Wednesday, September 7, 2016

Song of the Day #335 - Bon Iver - 22 (OVER S∞∞N) [Bob Moose Extended Cab Version]

There I find you marked in constellation

https://www.youtube.com/watch?v=ISCEilPMNak

Song of the Day is finally back! And, with any sort of luck, we'll be on a fairly regular schedule for the next few months! Hooray, hooray! To kick things off, we're going to start with something fairly new for the blog, genre-wise. Actually, it feels like something fairly new for music in general, genre-wise. I've never really been a huge Bon Iver fan, I'll admit. His rise to indie rock godhood didn't much overlap with my own love with the genre, which was based more in AnCo-style bangers than depressing music recorded alone in the woods. And sure I loved his work with Kanye, but not even that and a 9.5 from Pitchfork (I have always been forthcoming in how, to a pathetic extent, things like this affect me lol) could get me too invested.

But I started hearing some talk about how his new music was moving in a more electronic direction, heavily sample based, lots of vocal distortions... alienating some fans... I saw the bizarre witch housey unicode titles... and I tried to piece these clues together, with my vague memory of hearing the albums, and the points of intimate familiarity e.g. at the start of Kanye's "Lost in the World", tried really hard to imagine what this music might sound like. I arrived at something like... "creamy Gas-style beautiful music essence a positive version of Burial vocals". It wasn't like I could actually imagine it. It was just a vague sense of "it might be like this". Unsure why I focused so much on trying to predict it when I could just hear it.

And then I did! And oh wow! It actually was what I was predicting! And I realized, in that first instant, not just predicting, but actively hoping for! It really did have that "positive drone" style looping base, which I really do believe is a "good end" to music, something where, as we explore the specific psychology of what makes something sound beautiful, and can dive further in to capturing the exact essence of that, extracting it and constructing new sounds entirely out of it, perhaps using intelligent computers to assist us if you want a real futuristic bend.

And it did indeed have his vocals slathered with echoey Burial harmonies and intercut with hauntingly brief samples, pitched way up to alien distance and yet so familiar. But they were positive vocals, warm and happy! The repeating "two, two" might seem a little creepy and BoC-numerological, but it's so easily cast as a mantra, you can feel the effectiveness it has on Justin himself.

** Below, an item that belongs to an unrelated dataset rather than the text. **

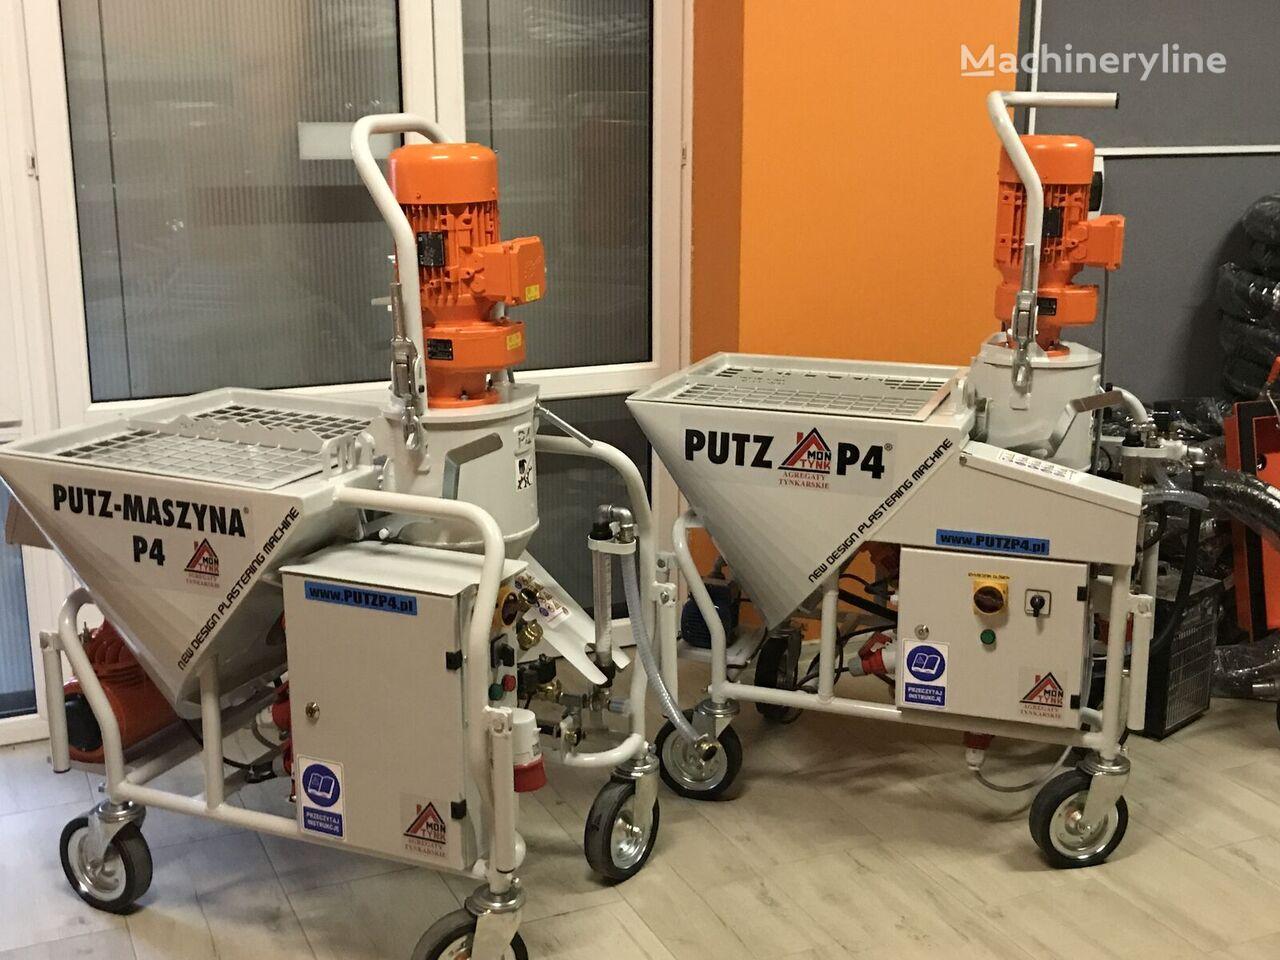 new Agregat tynkarski ,Putzmaschine P4 ,vakológép ,strojova omietack plastering machine

The brief excerpts of Mahalia Jackson's legendary performance at the Million Man March are long enough to be recognizable, but short enough that the energy you know it encapsulates can be applied to any situation. Like the great vulnerable human triumph in recognizing that "it might be over soon", whispered in from an unknown source, almost Disney-like in its familiarity but distinctly unreal. The voice, one might think, of one's own personal guardian angel.

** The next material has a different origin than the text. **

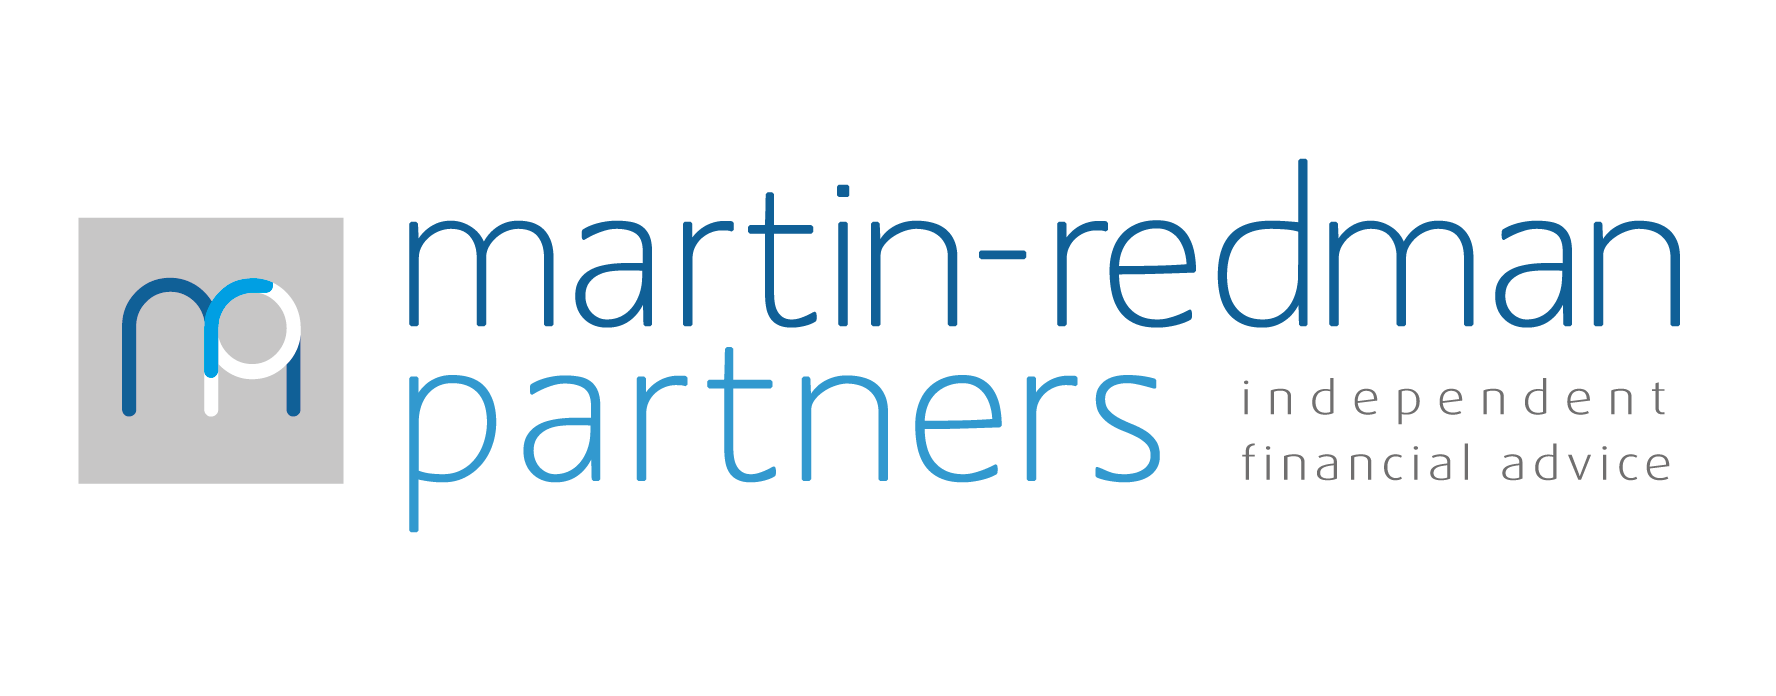 Martin-Redman Partners

Apparently it was a voice that came to him during a time of intense anxiety. It is a feeling not of instant resolution, not some revelation that could 180 all your fears, not anything that would invalidate or diminish those feelings. If you just discard your anxieties like unwanted refuse, there's nothing that can be learned from them, they truly become just a waste. They must have come to you for a reason, but that doesn't mean they'll always be there. And that's the real feeling this song conveys, that light at the end of the tunnel, a little dim, a little uncertain, but something. It's a really beautiful feeling. His lyrics are Panda Bear-oblique with even extra mysterious poeticism, but when he hits that "you're goddamn right", this wonderful emotion makes the preceding story immediately clear.

Oh and there's so much other stuff, too! Despite this electronic sampley base, there's such a reverence for acoustics, for the subtleties of the voice and instrumentation. Just listen to that SAXOFON... there's almost a Dean Blunt sort of reverence/distance, where he's presenting the very "idea" of a saxophone, one that is so "standard" that it almost feels cliche, and you feel all your memories of saxophones, from Bill Clinton to Midnight City rush back in a wonderful nostalgic way. This is another major "positive drone" appeal, these sort of nostalgic associations with an isolated sound. And it's just such a wonderful emergence from all the loops and samples, this single unbroken phrase, feeling like proof of the truth of all the feelings within it, of the ability to rise above and create.

This all goes double for the outro, which is, to my understanding, "classic" Bon Iver. It's almost cheeky, isn't it? Like, "hey, I can still do this too"? But it's wonderful, it's the end of the tunnel opening up to sunrise over a beautiful mountainous plain. I think I can see what the big deal with this guy is hahaha. Yeah, I'm pretty excited for this one. We'll probably talk about the other two singles on here in the near future. I think there's a leak of the whole album but it's lo-qual so we'll stay patient. I'm feeling it... this is gonna be the a p4k 9.5+... no, no, I'm just gonna say it: this could be our next p4k 10!